▸ **Work to be completed**
Once you reach the line containing "White/Black/Yellow Court DC" in the entries below, write out that line and each one after it down to the line containing "Meilleur boutique hôtel", exactly and with nothing added.

§

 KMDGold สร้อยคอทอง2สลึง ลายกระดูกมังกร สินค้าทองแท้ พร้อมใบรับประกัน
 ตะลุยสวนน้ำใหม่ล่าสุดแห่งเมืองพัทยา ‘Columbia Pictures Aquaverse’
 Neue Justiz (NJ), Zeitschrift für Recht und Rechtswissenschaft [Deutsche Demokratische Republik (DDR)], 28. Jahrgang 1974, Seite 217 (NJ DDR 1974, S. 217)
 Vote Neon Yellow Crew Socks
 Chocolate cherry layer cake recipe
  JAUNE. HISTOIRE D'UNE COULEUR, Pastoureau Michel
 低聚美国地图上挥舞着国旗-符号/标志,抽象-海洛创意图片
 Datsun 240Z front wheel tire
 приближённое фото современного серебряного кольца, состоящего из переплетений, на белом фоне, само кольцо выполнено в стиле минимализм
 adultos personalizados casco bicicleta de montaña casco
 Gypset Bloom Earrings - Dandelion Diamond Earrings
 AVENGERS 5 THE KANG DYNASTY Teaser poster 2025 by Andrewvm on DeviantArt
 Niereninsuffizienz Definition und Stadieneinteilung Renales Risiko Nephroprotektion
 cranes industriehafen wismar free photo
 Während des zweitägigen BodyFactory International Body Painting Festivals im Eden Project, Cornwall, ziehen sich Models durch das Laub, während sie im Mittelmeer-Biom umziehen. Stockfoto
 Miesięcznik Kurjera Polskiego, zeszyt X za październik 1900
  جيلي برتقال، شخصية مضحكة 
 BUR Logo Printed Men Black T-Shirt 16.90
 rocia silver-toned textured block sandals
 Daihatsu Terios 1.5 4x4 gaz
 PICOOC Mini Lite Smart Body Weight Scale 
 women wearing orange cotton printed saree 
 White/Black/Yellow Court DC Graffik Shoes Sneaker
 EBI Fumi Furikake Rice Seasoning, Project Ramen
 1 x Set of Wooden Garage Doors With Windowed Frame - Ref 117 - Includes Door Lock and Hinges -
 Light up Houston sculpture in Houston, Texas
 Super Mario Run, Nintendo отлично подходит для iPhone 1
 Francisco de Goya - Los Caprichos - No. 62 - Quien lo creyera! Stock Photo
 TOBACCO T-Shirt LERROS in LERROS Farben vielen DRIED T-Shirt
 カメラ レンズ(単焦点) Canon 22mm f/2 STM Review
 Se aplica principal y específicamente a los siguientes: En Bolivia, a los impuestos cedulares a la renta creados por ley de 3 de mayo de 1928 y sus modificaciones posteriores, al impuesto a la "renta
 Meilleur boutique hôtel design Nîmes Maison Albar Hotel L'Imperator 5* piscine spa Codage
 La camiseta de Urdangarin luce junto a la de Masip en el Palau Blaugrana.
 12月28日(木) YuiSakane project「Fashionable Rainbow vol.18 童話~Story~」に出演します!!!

§

▸ **Response to the exercise**
 White/Black/Yellow Court DC Graffik Shoes Sneaker
 EBI Fumi Furikake Rice Seasoning, Project Ramen
 1 x Set of Wooden Garage Doors With Windowed Frame - Ref 117 - Includes Door Lock and Hinges -
 Light up Houston sculpture in Houston, Texas
 Super Mario Run, Nintendo отлично подходит для iPhone 1
 Francisco de Goya - Los Caprichos - No. 62 - Quien lo creyera! Stock Photo
 TOBACCO T-Shirt LERROS in LERROS Farben vielen DRIED T-Shirt
 カメラ レンズ(単焦点) Canon 22mm f/2 STM Review
 Se aplica principal y específicamente a los siguientes: En Bolivia, a los impuestos cedulares a la renta creados por ley de 3 de mayo de 1928 y sus modificaciones posteriores, al impuesto a la "renta
 Meilleur boutique hôtel design Nîmes Maison Albar Hotel L'Imperator 5* piscine spa Codage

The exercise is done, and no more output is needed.